The Blueprint of a Septic Perianal Crohn's Disease Care Plan

Patients with septic perianal Crohn’s disease have infected abscesses that are difficult to treat.

Crohn’s disease affects about 700,000 individuals in the United States, with a serious complication called septic perianal Crohn’s disease occurring in 40% of patients.

Since treatment options for this condition lack in efficacy, researchers from Penn State College of Medicine have developed the first published medical and surgical approach care plan for managing this disease. Patients with septic perianal Crohn’s disease have infected abscesses that develop into fistulas, and are notoriously hard to treat.

The condition was typically treated with surgery, until the introduction of the immunosuppressant drug infliximab in 1998. Although earlier studies of infliximab demonstrated a response rate of up to 60%, only 25% of patients continued to experience healing after a year on the medication.

“What was thought to be a silver bullet of sorts for this problem really is not,” said researcher Walter A. Koltun.

Despite these numbers, a majority of patients will continue to take this expensive medication, because they themselves and their physicians fear the condition will worsen if the medication is stopped, according to a press release. After more than a decade of investigating a better treatment plan based on patient care outcomes and using medicine coordinated with surgery, researchers finally published their results in the Journal of the American College of Surgeons.

“What we did with this study is look at a combined medical and surgical protocol for managing this problem, recognizing that there’s a role for the medicines, and there’s a role for the surgery,” Koltun said. “Although this is acknowledged by most surgeons and gastroenterologists, no one had written down a protocol to follow that is predictable in its outcome.”

Researchers analyzed 135 cases of septic perianal Crohn’s disease treated at the hospital using this protocol, and found a 60% rate of healing that lasted at least 6 months, using a combined medical and surgical approach. For the remaining 40% of patients, half did not heal and needed a permanent ostomy bag, and the other half saw some improvements, but did not heal completely.
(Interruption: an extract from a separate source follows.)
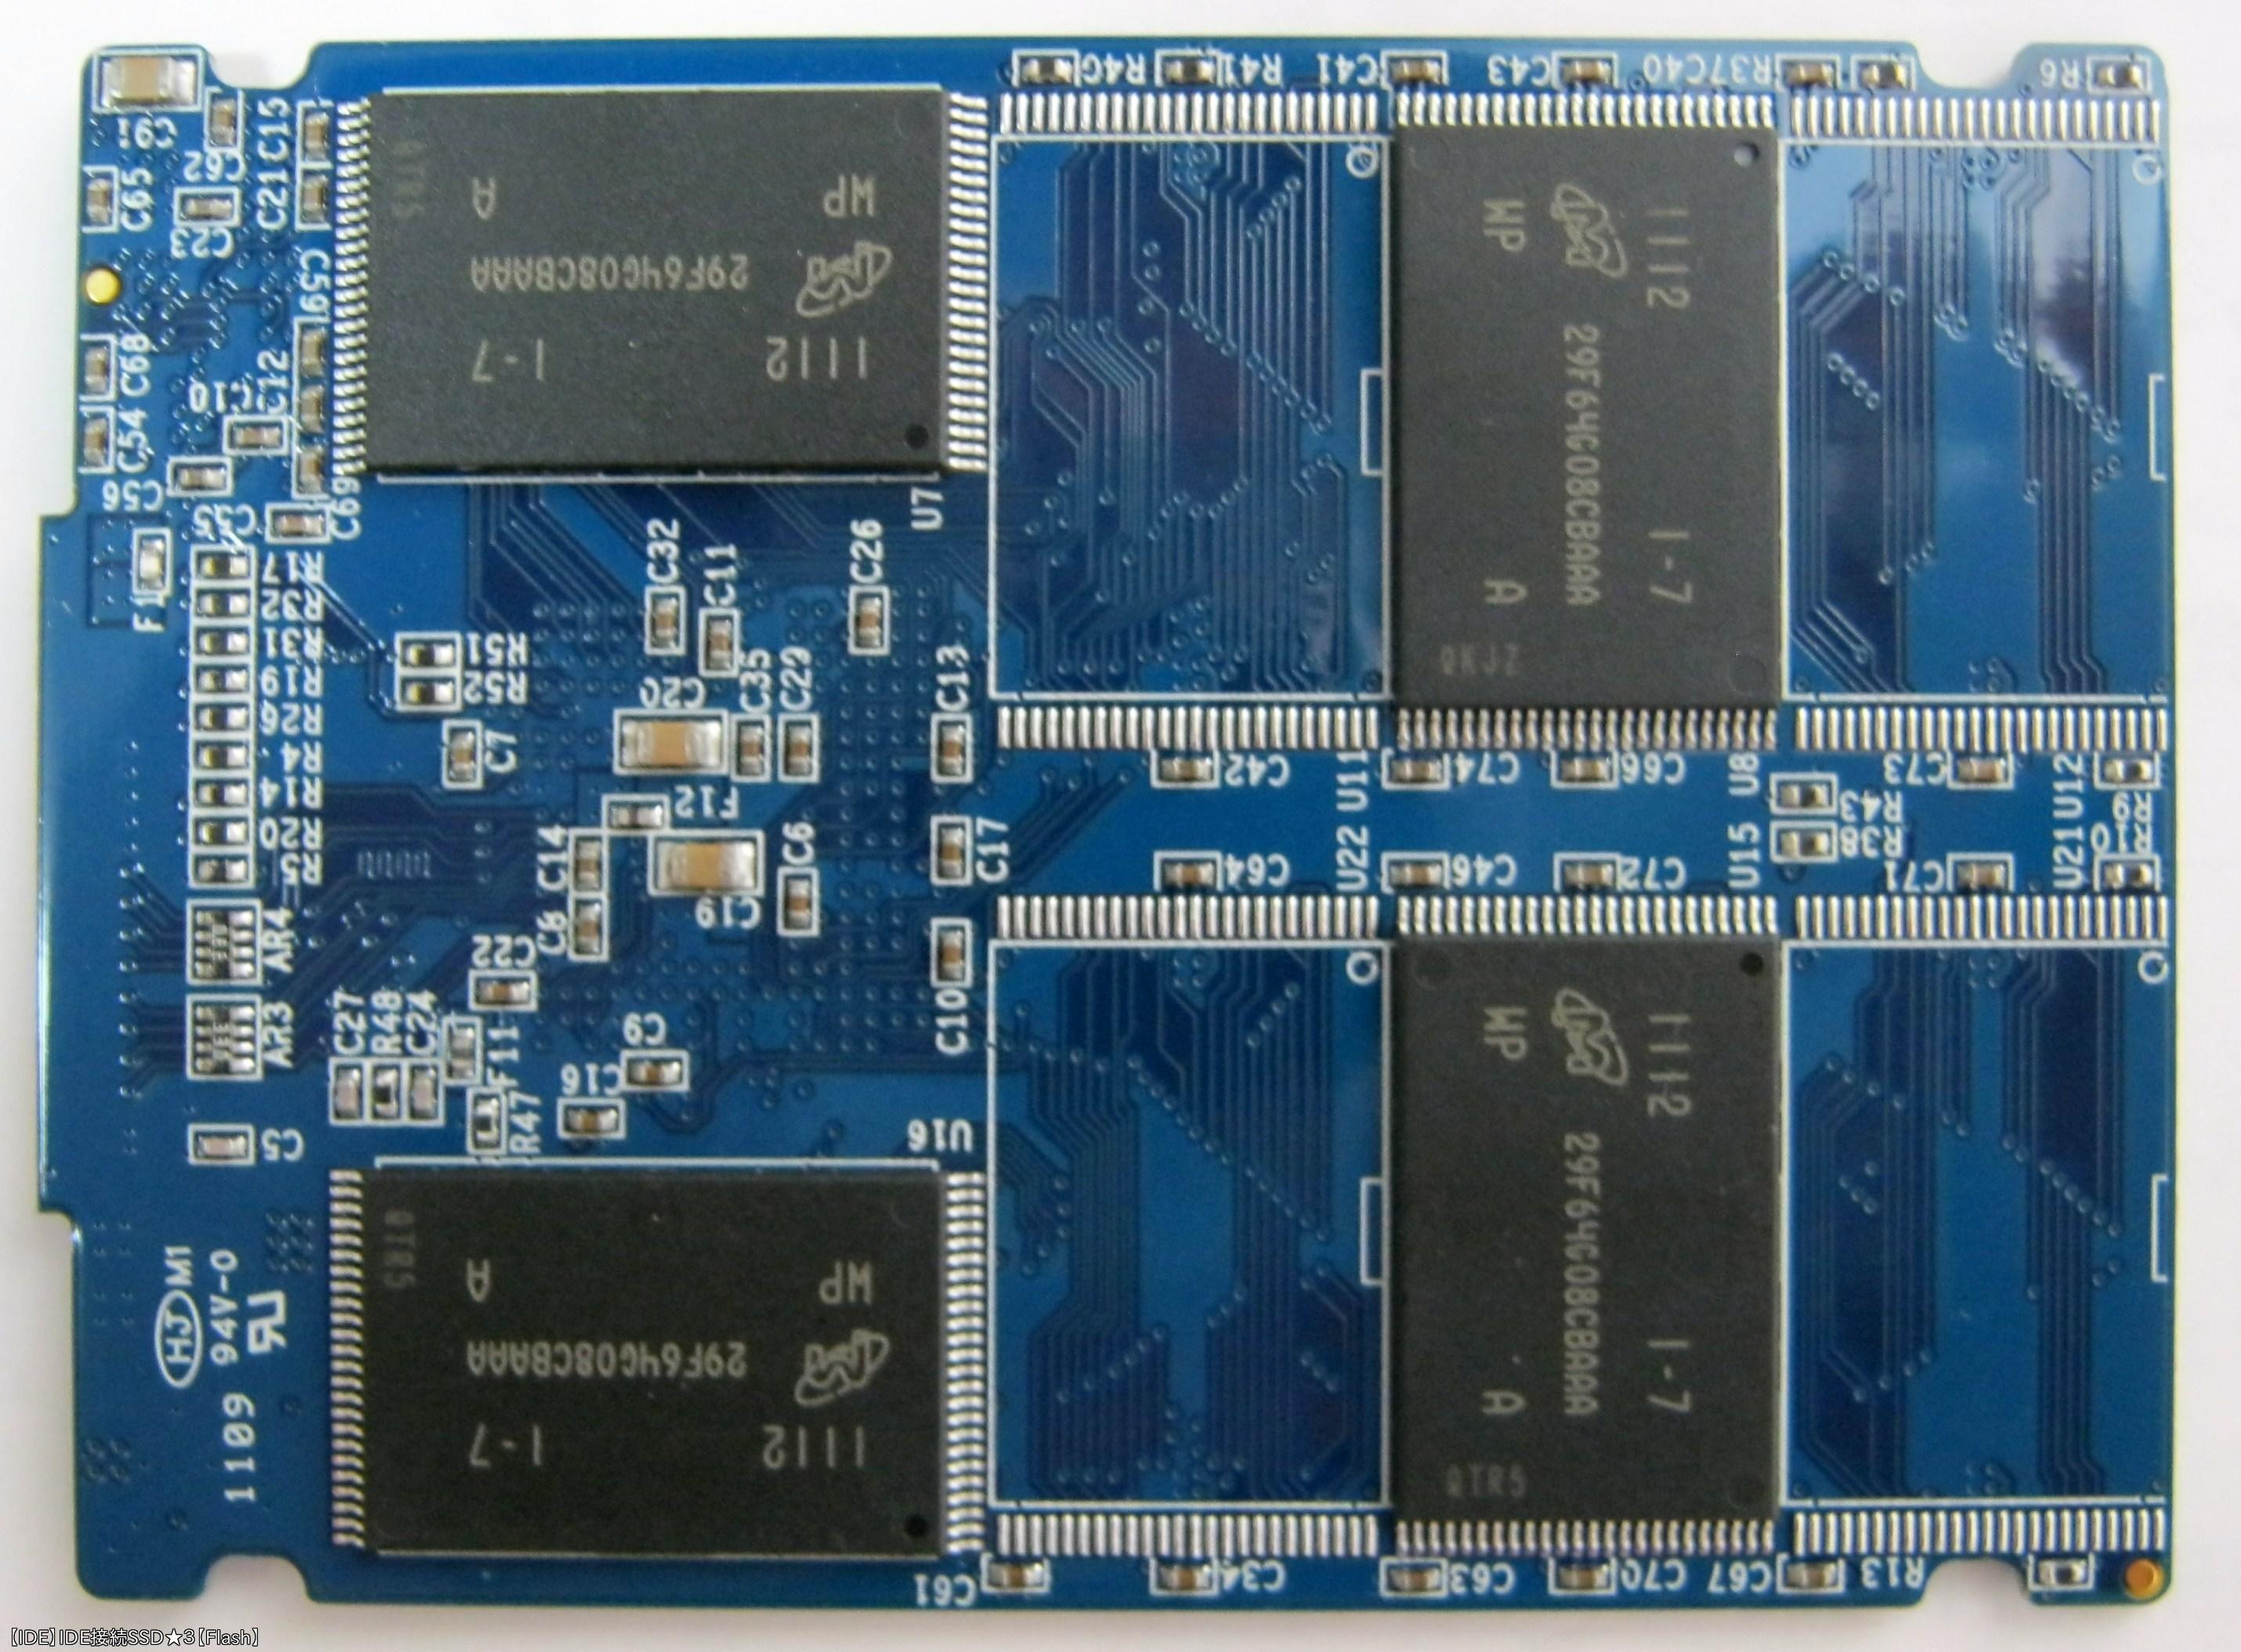 SSD・ゼロスピ化・ストライピング 8台目->画像>59枚

Additionally, researchers analyzed single nucleotide polymorphisms (SNPs) to see if any predicted healing. Certain SNPs did emerge, which have been suggested in other studies to play a role in septic perianal Crohn’s disease, however the results were not statistically significant.

“We’re gaining some sense of confidence that there are a certain number of genes that, if adversely affected, predispose patients toward having this problem and possibly not healing well,” Koltun said.

Koltun noted multi-center studies that include a greater number of patients and have greater statistical power are needed to gain further information on genetic factors in this disease. Furthermore, he hopes that this care plan will help patients receive treatment in a more consistent manner.

“… In a way that then allows the physician and the patient some confidence in regard to the outcome,” Koltun said.

Also, the protocol will provide physicians and patients with clearer guidance on when it makes sense to stop the drug and opt for surgery instead.

“Our protocol provides a paradigm for when you perhaps should stop the drug and when to consider surgery with or without medication,” Koltun said.